Let's say you're training a LoRA for a specific fantasy armor style. You choose the keyword: 3dicon

Your dataset might look like this:

3d_icon1.jpg
3d_icon1.txt: a 3dicon, a colorful phone with a rainbow background

3d_icon2.jpg  
3d_icon2.txt: a 3dicon, a red play button on a dark blue background

3d_icon3.jpg
3d_icon3.txt: a 3dicon, a green owl icon on a green background

The keyword 3dicon is present in every prompt and tied directly to the visual features in the images.

Why the Keyword Matters

During training: The model learns to associate that specific token (e.g. 3dicon) with the visual patterns in the dataset.
During generation: You can use prompts like "a 3dicon of a music note icon on a red background" and the model will apply the learned visual concept.

If you forget the keyword, the model may still learn something, but you won't be able to reliably activate or control it later. The result may also "leak" into unrelated generations.

Dataset Structure

Your dataset folder should look like this:

lora-dataset/
├── yarn1.jpg
├── yarn1.txt
├── yarn2.jpg
├── yarn2.txt
├── yarn3.jpg
├── yarn3.txt

For every image (.jpg or .png), there must be a corresponding .txt file that contains a prompt describing the image.

Example Prompts

Here are a few examples of what your .txt files might look like:

This example is taken from the Yarn Art Style dataset, where the keyword is "yarn art style"

yarn1.jpg:

yarn1.txt:

Frog, yarn art style

yarn2.jpg:

yarn2.txt:

A bunch of colorful flowers, yarn
                                            art style

yarn3.jpg:

yarn3.txt:

A planet, yarn art style

The quality of your prompts matters.
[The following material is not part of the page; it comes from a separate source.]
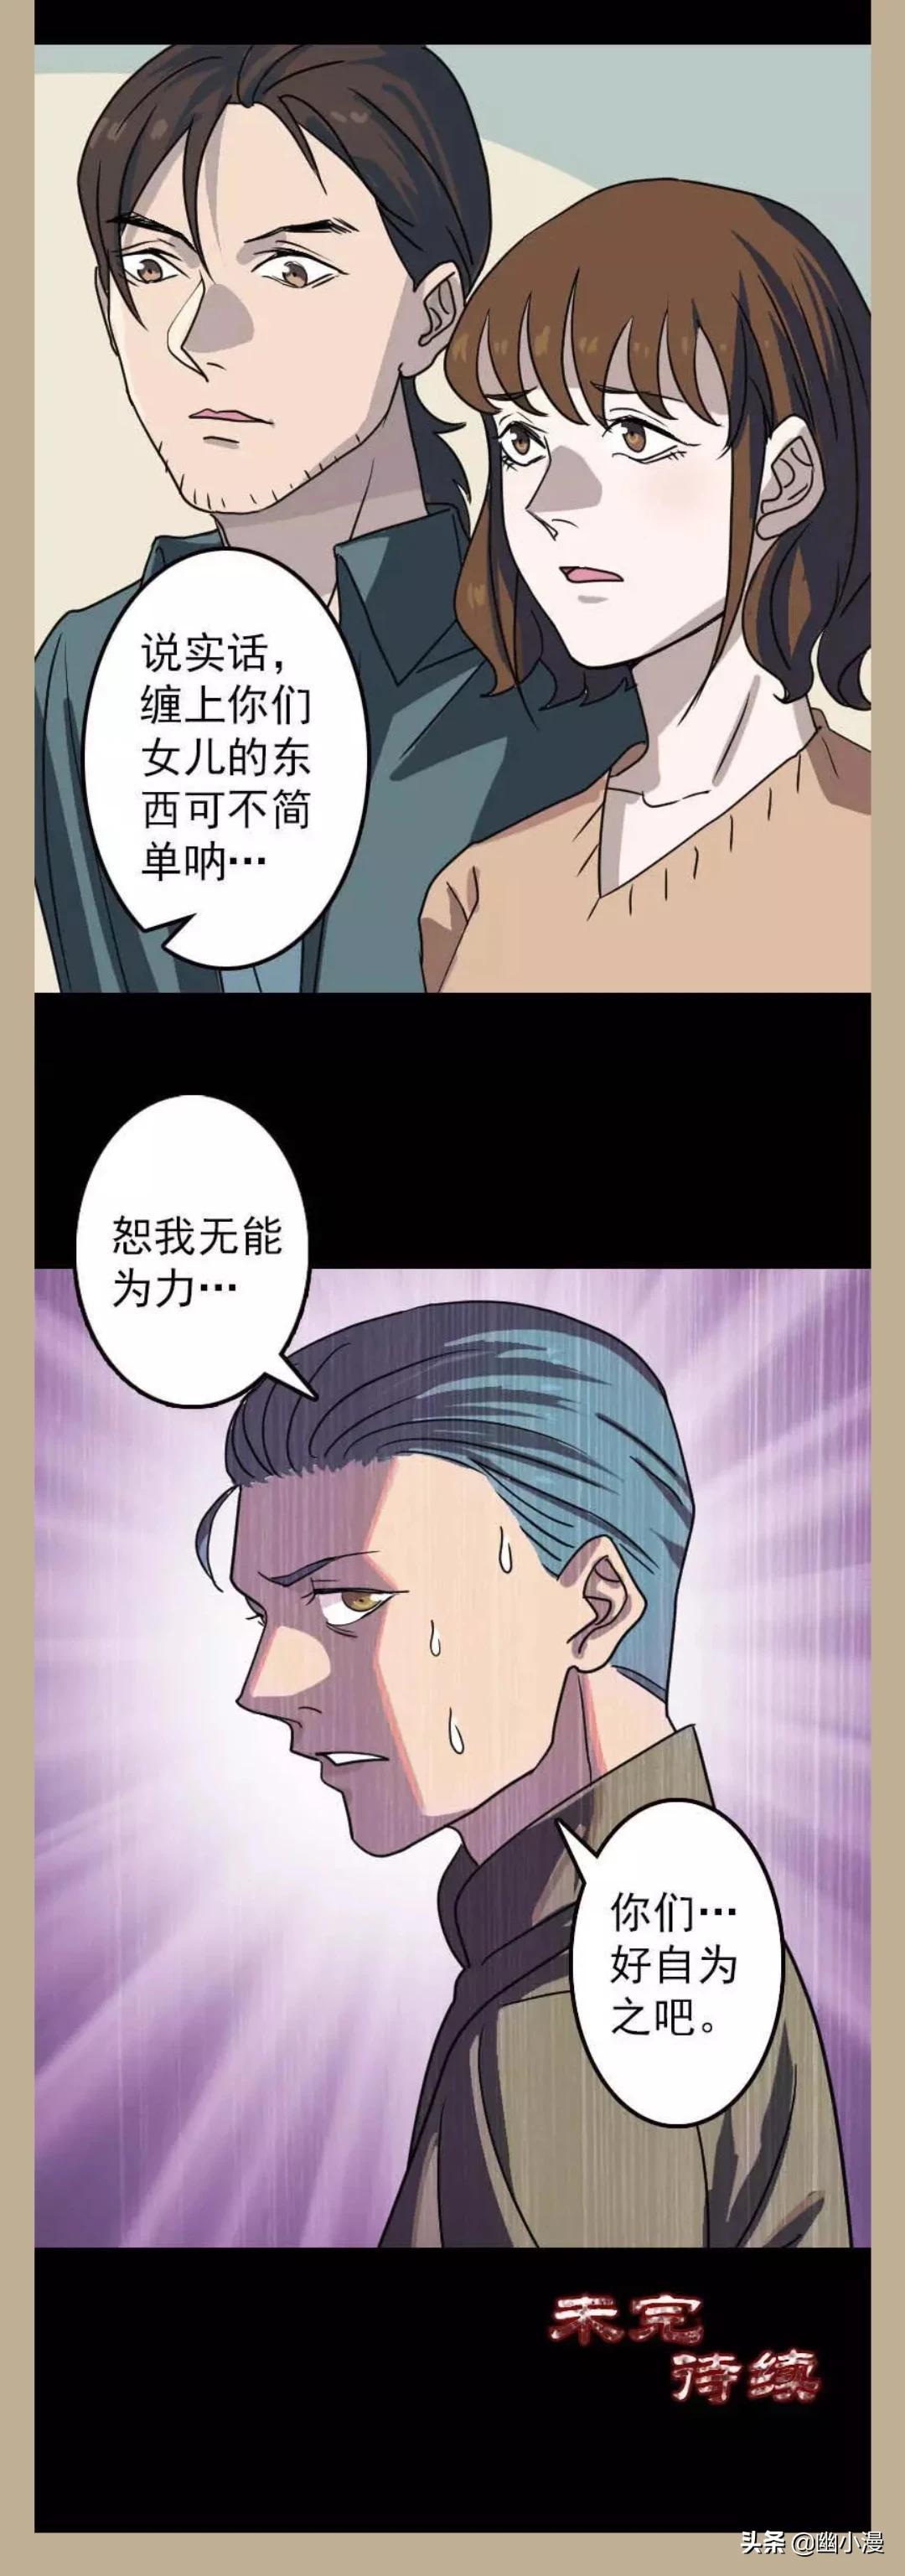 恐怖悬疑惊悚盗墓漫画小说《凶棺》连载-第16章:何方妖孽

Be descriptive and specific, similar to how you would describe an image to a generative model like Stable Diffusion or DALL·E.

Minimum Dataset Size

Minimum recommended: 10–20 image/prompt pairs for basic concept learning
Better results: 50–100+ pairs for stylistic or character modeling
Ideal range: 100–500+ pairs depending on the complexity of what you're training

The more diverse and descriptive your prompts, the better your LoRA will perform.

Compressing Your Dataset

Once your dataset is ready and well-organized, you need to compress it into a .zip file for uploading.

Steps:

Make sure all your image and prompt files are in a single folder (e.g. my-lora-dataset/)
Compress the folder into a zip archive:
- On Windows: Right-click the folder > "Send to" > "Compressed (zipped) folder"
- On macOS: Right-click the folder > "Compress"
- On Linux: Run zip -r lora-dataset.zip lora-dataset/ from the terminal
Do not place the zip inside another folder before uploading. The zip file should contain your .jpg/.txt pairs directly or in a single root folder.
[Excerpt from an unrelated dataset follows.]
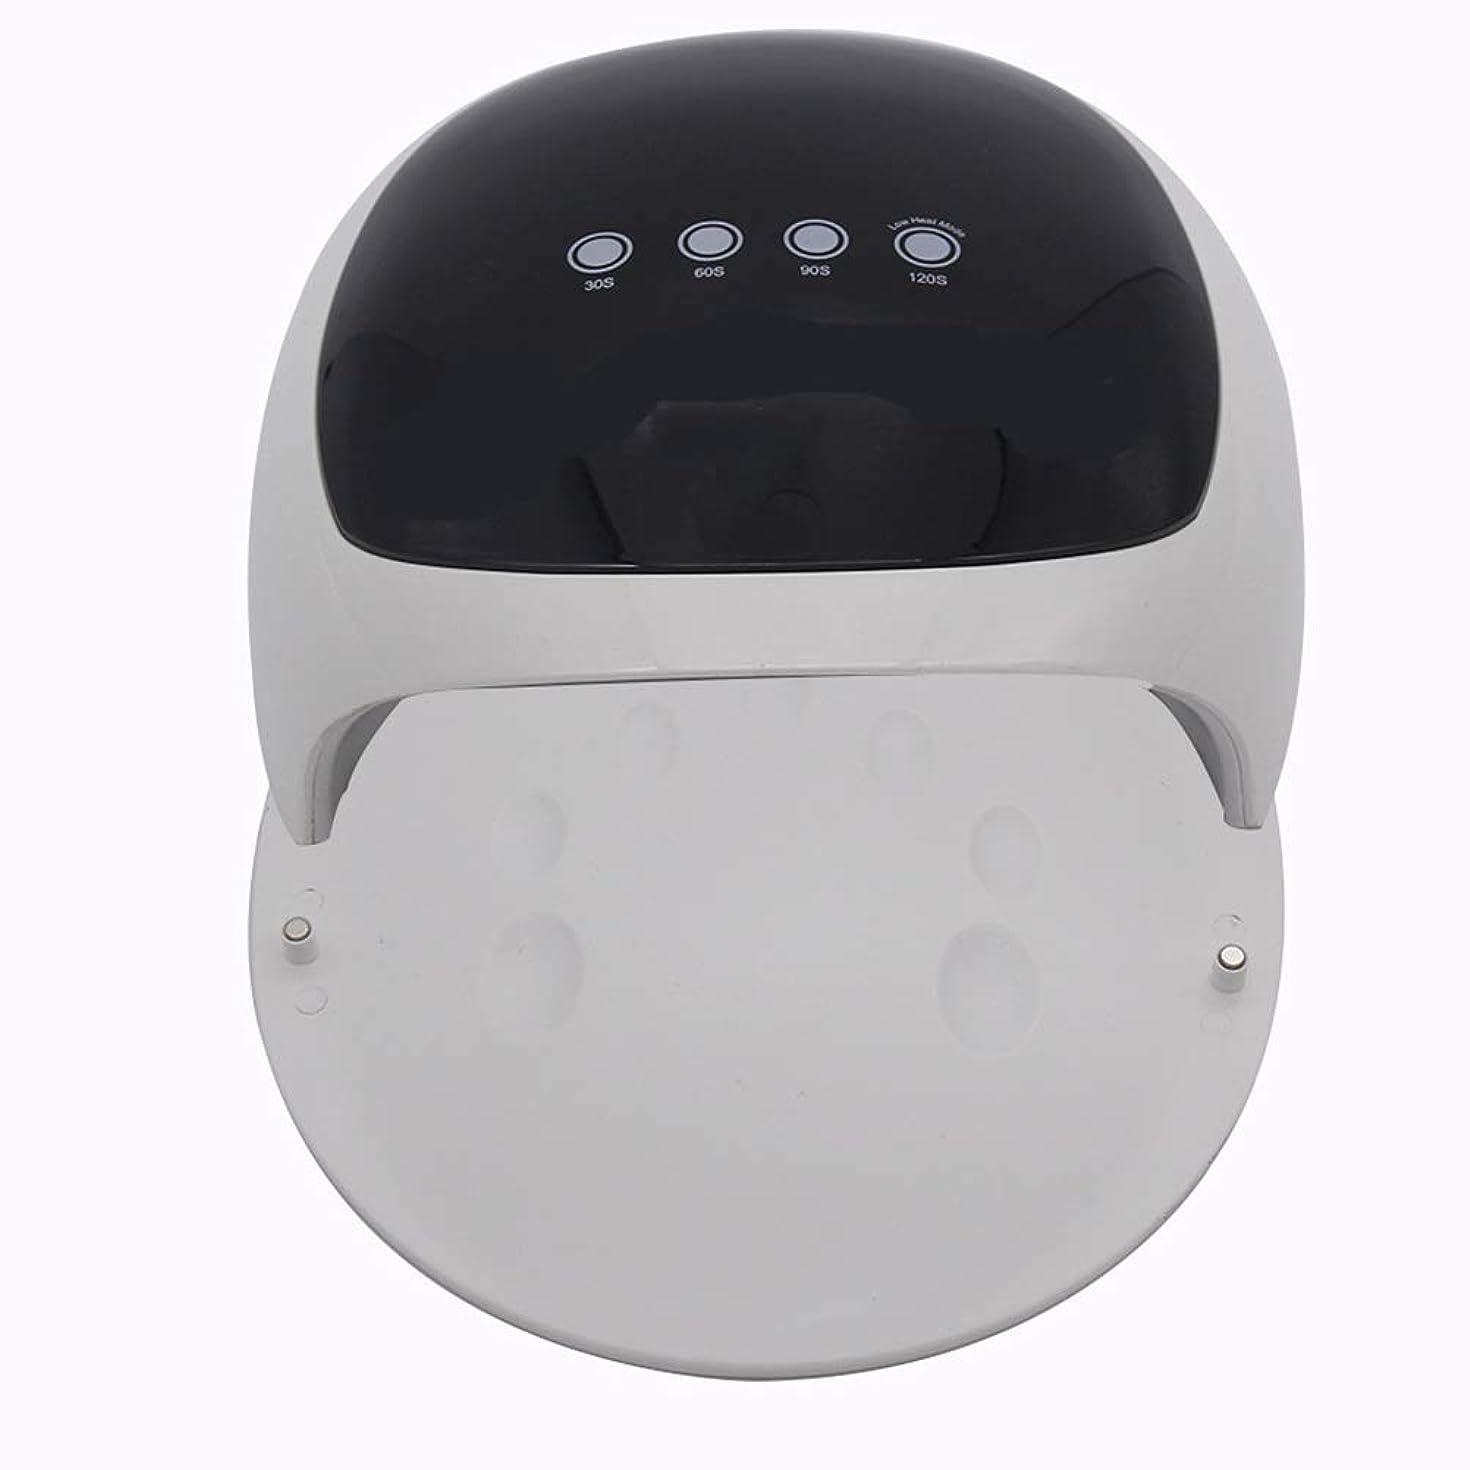 ネイル光線療法機 ネイルドライヤー - 48WハイパワーネイルランプUV / LEDスマートセンサーワンボタンタイミングネイルゲル硬化ネイルドライヤー (色 : 白)

Final Checklist Before Uploading

Each image has a matching .txt file

Prompts are descriptive and relevant

Files are cleanly named (e.g. no spaces or special characters)

Everything is zipped into one .zip file

The total dataset meets the minimum number of examples (ideally 50+)

Once you're ready, upload the .zip to the platform and start training your custom image LoRA.